=== EXTRACTED MATERIAL ===

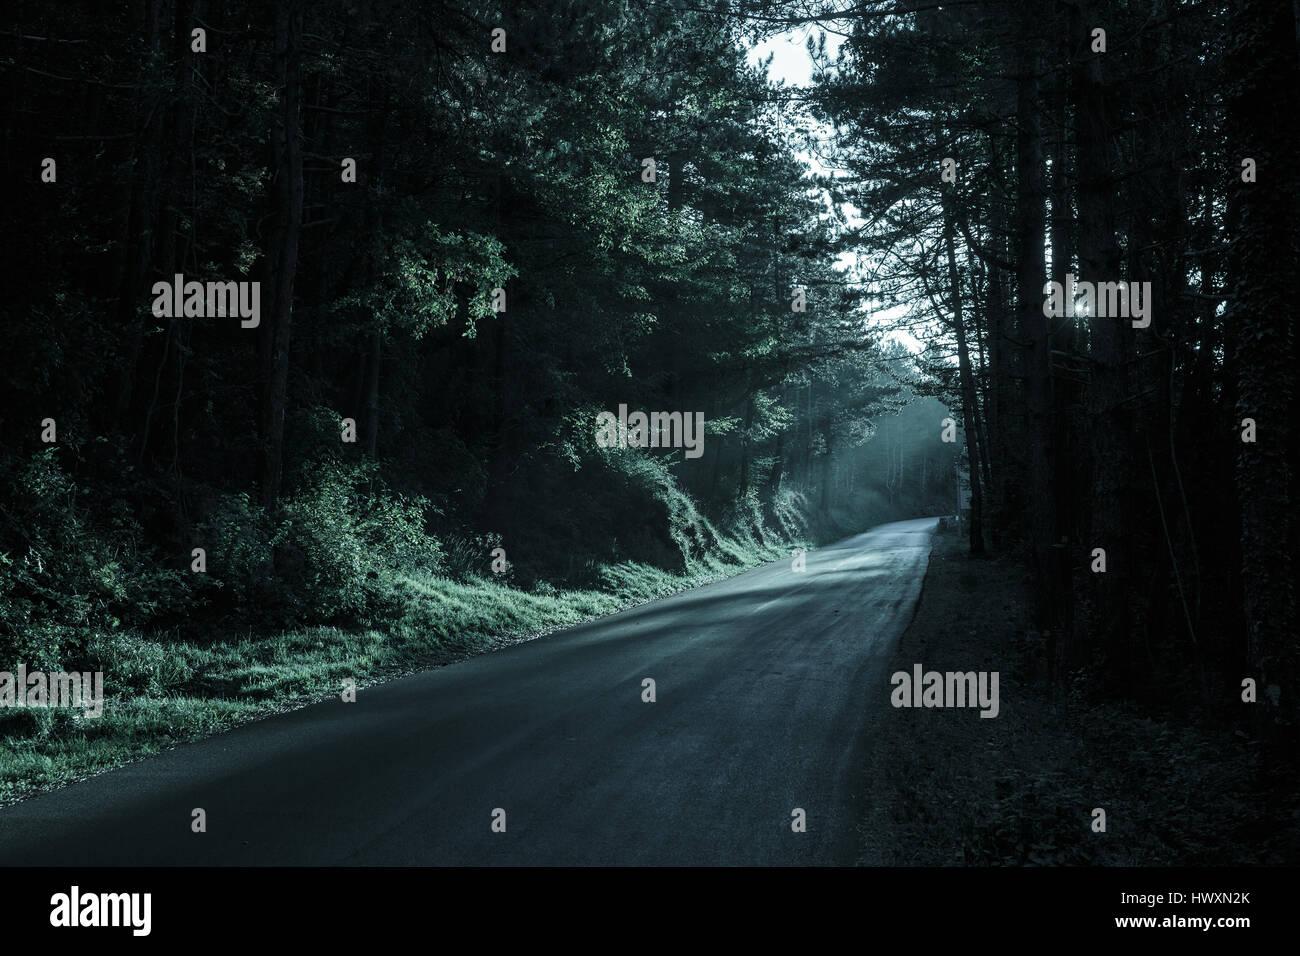 Spooky forêt sombre avec vide, en recul de la lumière. Arrière-plan émotionnel, gothique, concept Photo Stock
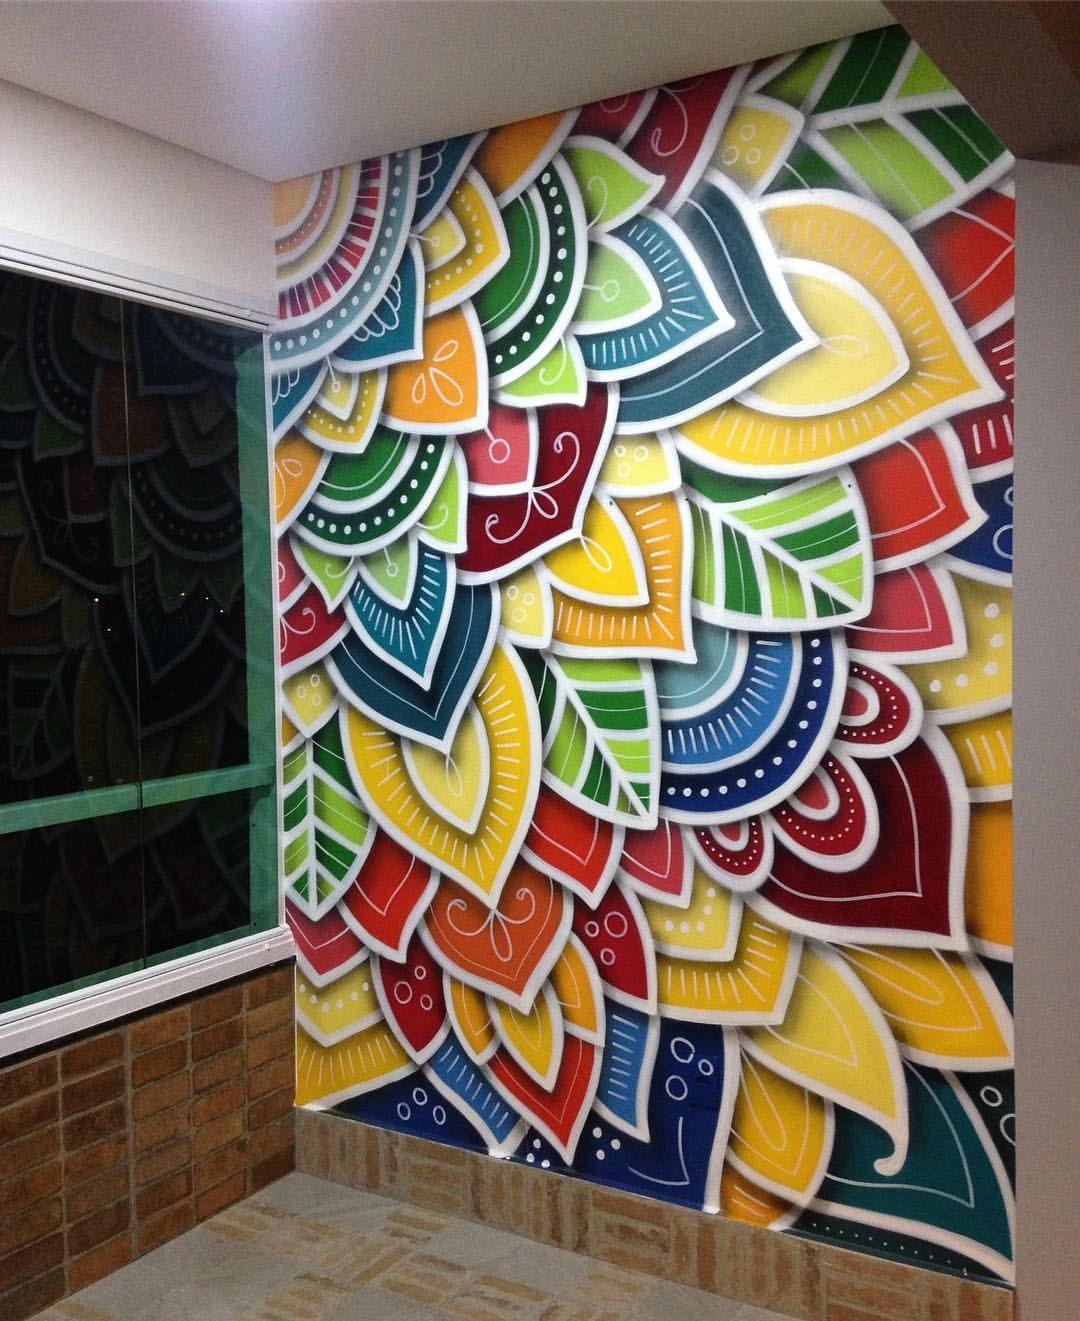 Imagem Relacionada Mandala Wall Art Mural Wall Art Wall Paint
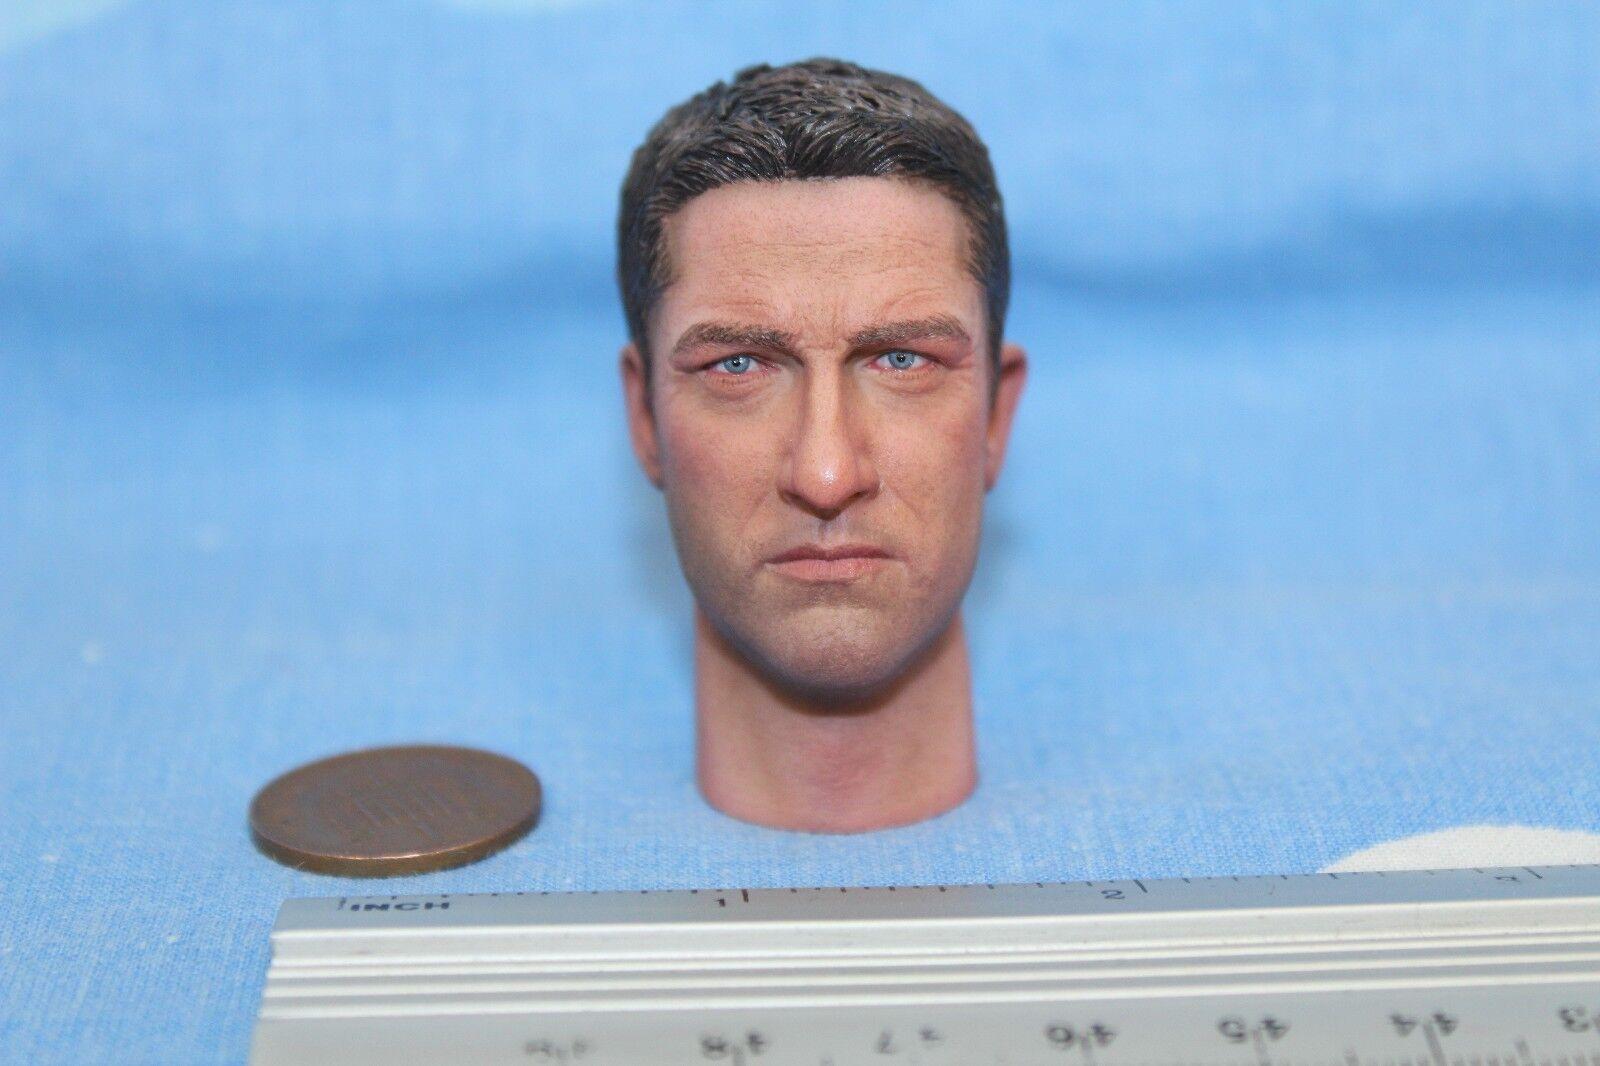 DID DRAGON IN DREAMS 1 6TH SCALE U.S SECRET SERVICE SPECIAL AGENT  HEAD  MARK
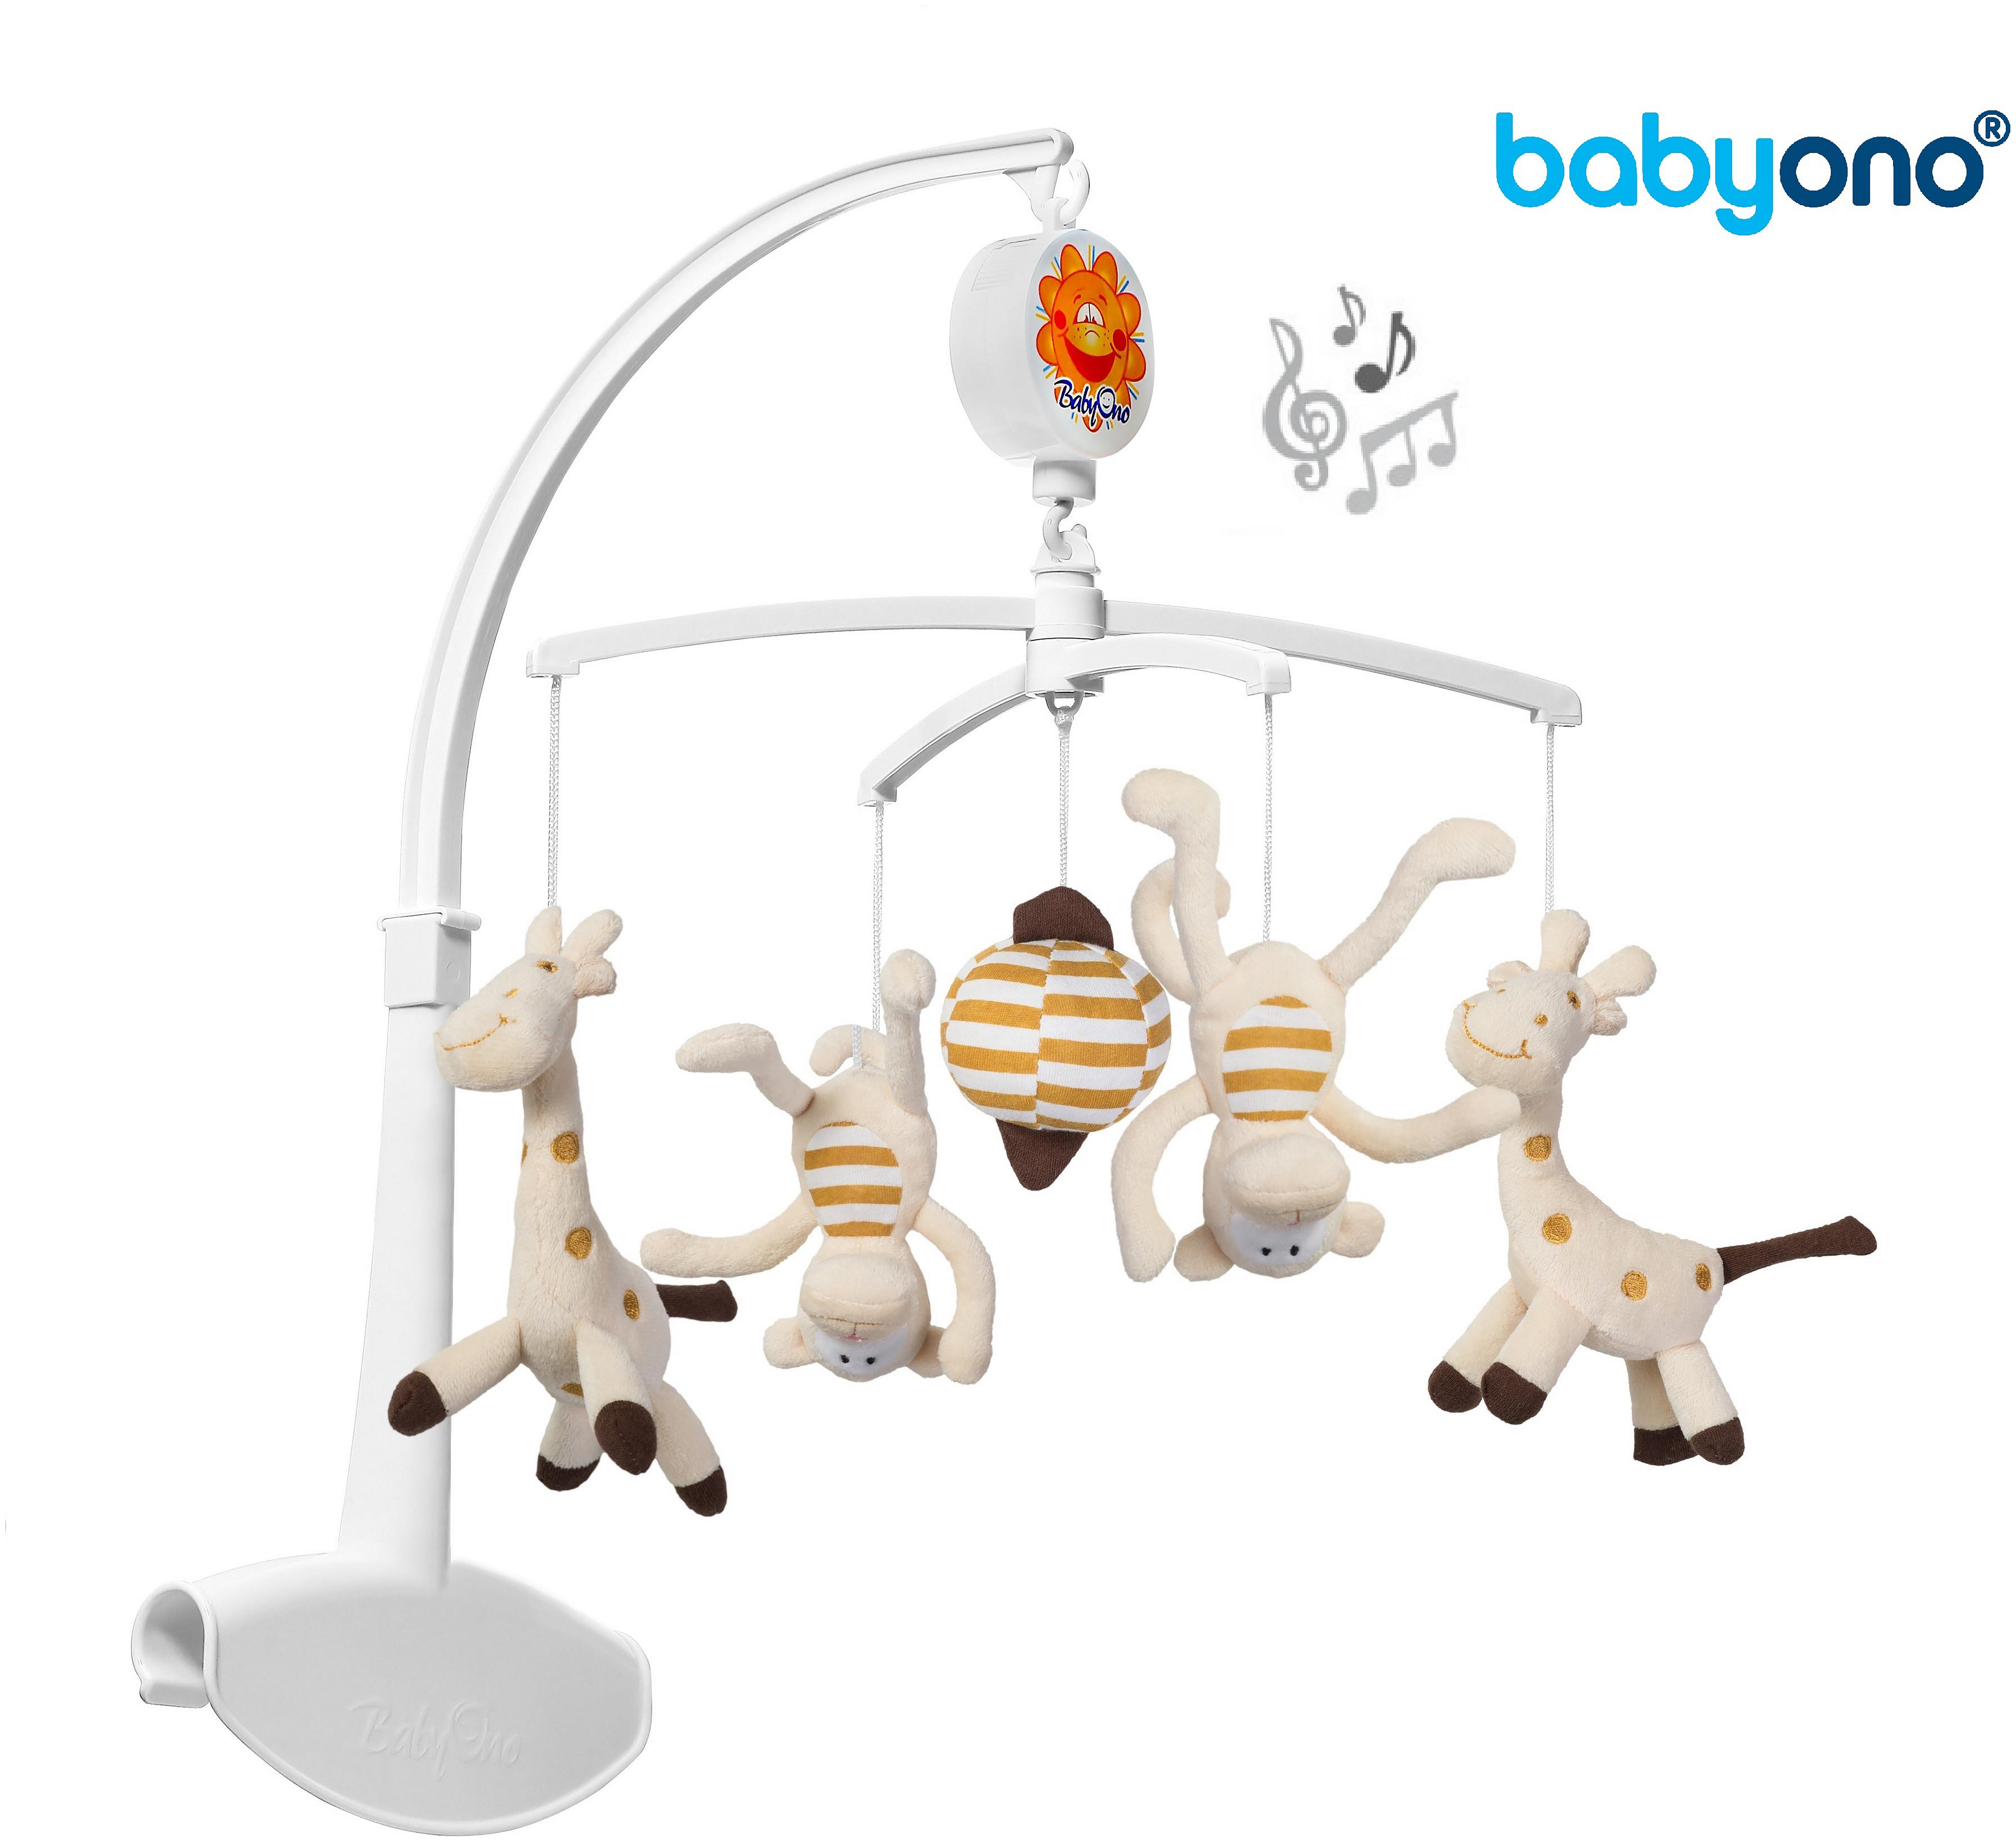 Baby Ono Universal Baby Cot Bed Mobile - Giraffe & Monkeys
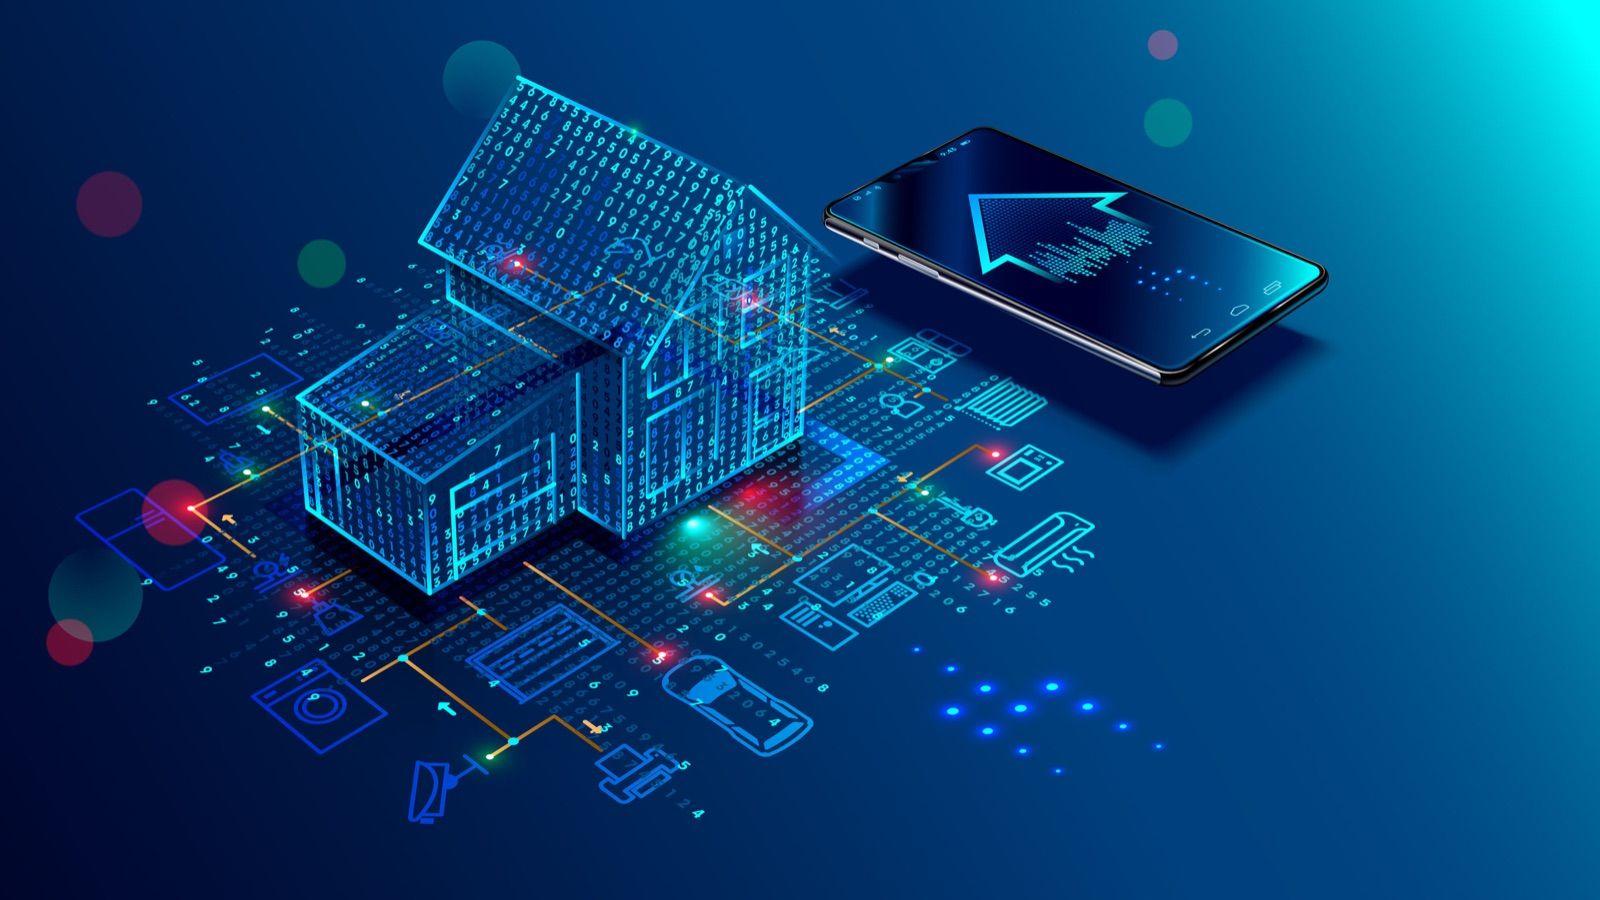 Inteligentný dom (inteligentná domácnosť), cena inteligentných domov

===

AIM OF THE TASK >>
The copy must begin at the line containing "Baby Ono Universal" and end at the last line of the data above, with every line retyped exactly and no pictures included.

RESULT OF THE EXERCISE >>
 Baby Ono Universal Baby Cot Bed Mobile - Giraffe & Monkeys
 Inteligentný dom (inteligentná domácnosť), cena inteligentných domov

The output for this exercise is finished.